In this sort of environment, it should be no surprise that an embarrassing hype cycle can emerge — one that talented self-promoters will use to enhance their status and wealth. I find it difficult to assign all that much blame to those self-promoters: the whole problem is that they don’t know any better. What more can we expect? Besides, it’s very easy to start believing your own bullshit once people with seemingly-meaningful professional credentials start validating it. Self-promoters will self promote; it’s not realistic to expect them to be the ones providing diligence.

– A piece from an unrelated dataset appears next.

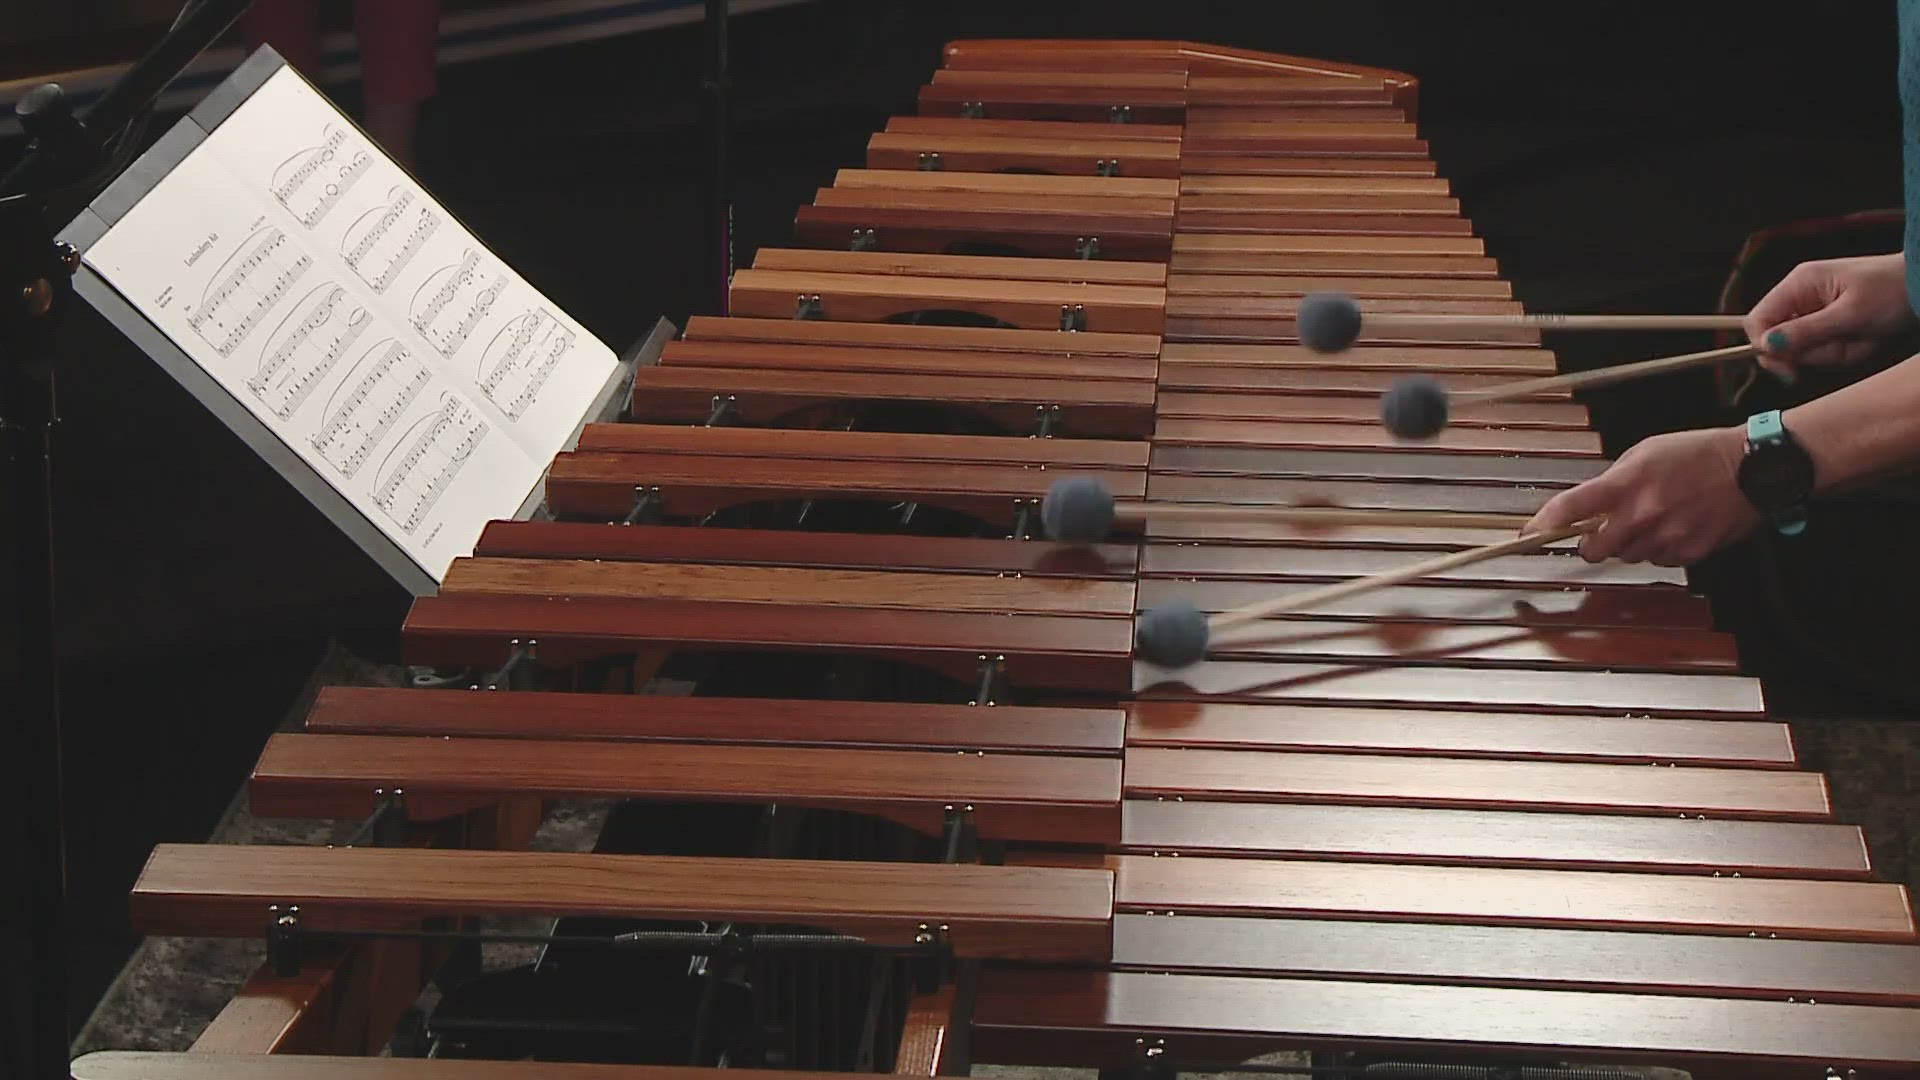 Kate Beever, who is a licensed musical therapist, has been playing the marimba since she was a little girl.

I suspect that the problem may have to do with the structure of the industry: if you know much about it, you’re probably going to be able to make more money participating in it than writing about it. I don’t know enough about finance to really judge, but it seems as though that press sector suffers from a similar systemic disability — certainly all can agree that the financial press didn’t cover itself in glory in advance of the recent financial crisis. Once that story became big enough, talented generalist journalists filtered in and did the job properly.

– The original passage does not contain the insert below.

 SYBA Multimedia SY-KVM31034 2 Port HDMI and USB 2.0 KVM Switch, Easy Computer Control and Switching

But unless and until the skill premium for the software industry diminishes relative to journalism I’m not sure there’s a good way to align incentives in a way that fixes this problem. The best we can do is to recognize that the journalists who wrote excitedly about Haystack and Diaspora made a mistake; they were fooled, and they wasted our time. There’s no need to tar and feather anyone, but their credibility needs to suffer if we want this situation to improve.

Maybe we don’t need it to improve! It’s not that important, to be perfectly honest. But it sure does bug the hell out of me.

Haystack

I’m taking some grim satisfaction in the dissolution of the Haystack Project. If people have actually been hurt by this software, I’ll be removing the “satisfaction” part of that reaction.  But given the relentless overhyping of technological interventions in pro-democratic organizing, I’m hopeful that little actual damage has been done.  These technologies will no doubt soon become genuinely crucial to people living under repressive governments, but I’m optimistic that Heap’s work didn’t spread far enough to cause serious trouble.

A few key links:

I think Nancy’s piece raises the most important questions: why did the media — and more importantly, the federal government — fall for Austin Heap’s bullshit?  Here I disagree with Nancy: I don’t think it’s just a question of technical expertise.  I’ve been skeptical of Haystack since its announcement, but I couldn’t write a secure crypto proxy to save my life.  That stuff is really hard.

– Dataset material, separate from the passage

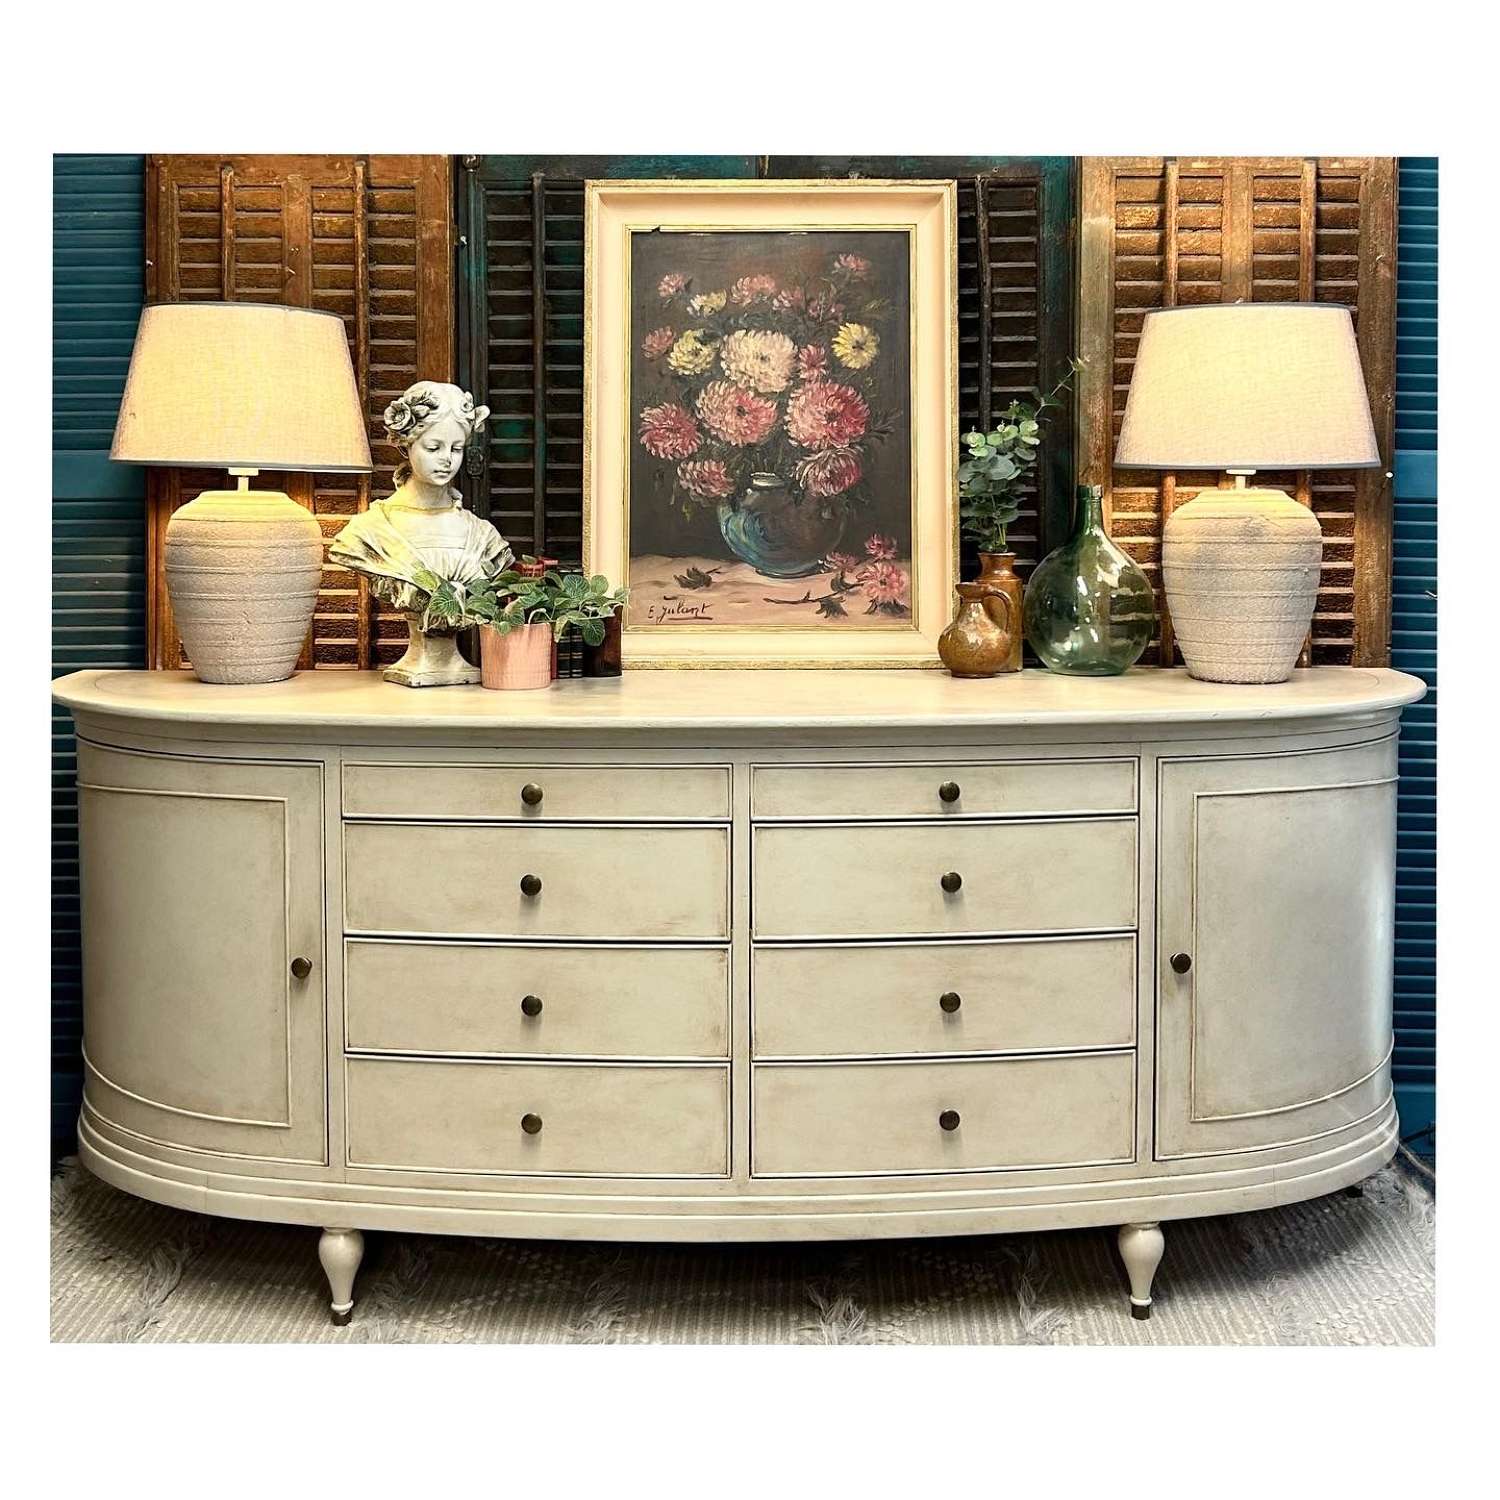 Gustavian Painted Large Curved Sideboard

But here’s the thing: the technology is hard, but it’s also done.  Smart people have looked at these problems and have solved the ones that are solvable.  There’s work left to be done at the edges — better hash algorithms, that kind of thing — but I guarantee that’s not the sort of flaw that’s afflicting Haystack.

The thing to realize is that good security is a set of patterns.  Relatively few of them have to do with technology (although learning about the technology behind security systems can certainly help you understand the patterns).  The media’s naivete springs from the idea that the right app could liberalize Iran.  Ignorance of the app’s internals is a much smaller problem than the sort of wishful thinking that gets that story pitched and approved (and read).  Recognizing a snake oil salesman is just as important as recognizing an exploit.

Alarms should have gone off when Heap announced he was writing new software.  Why write software?  We have software.  Did Heap think the limitations of Tor and Freenet and Freegate and PGP and all the others exist because those tools’ authors are lazy or stupid?  That was never the problem.

I guess what I’m trying to say is that reporters should spend more time reading Bruce Schneier.  Even the repetitive entries. Especially the repetitive entries.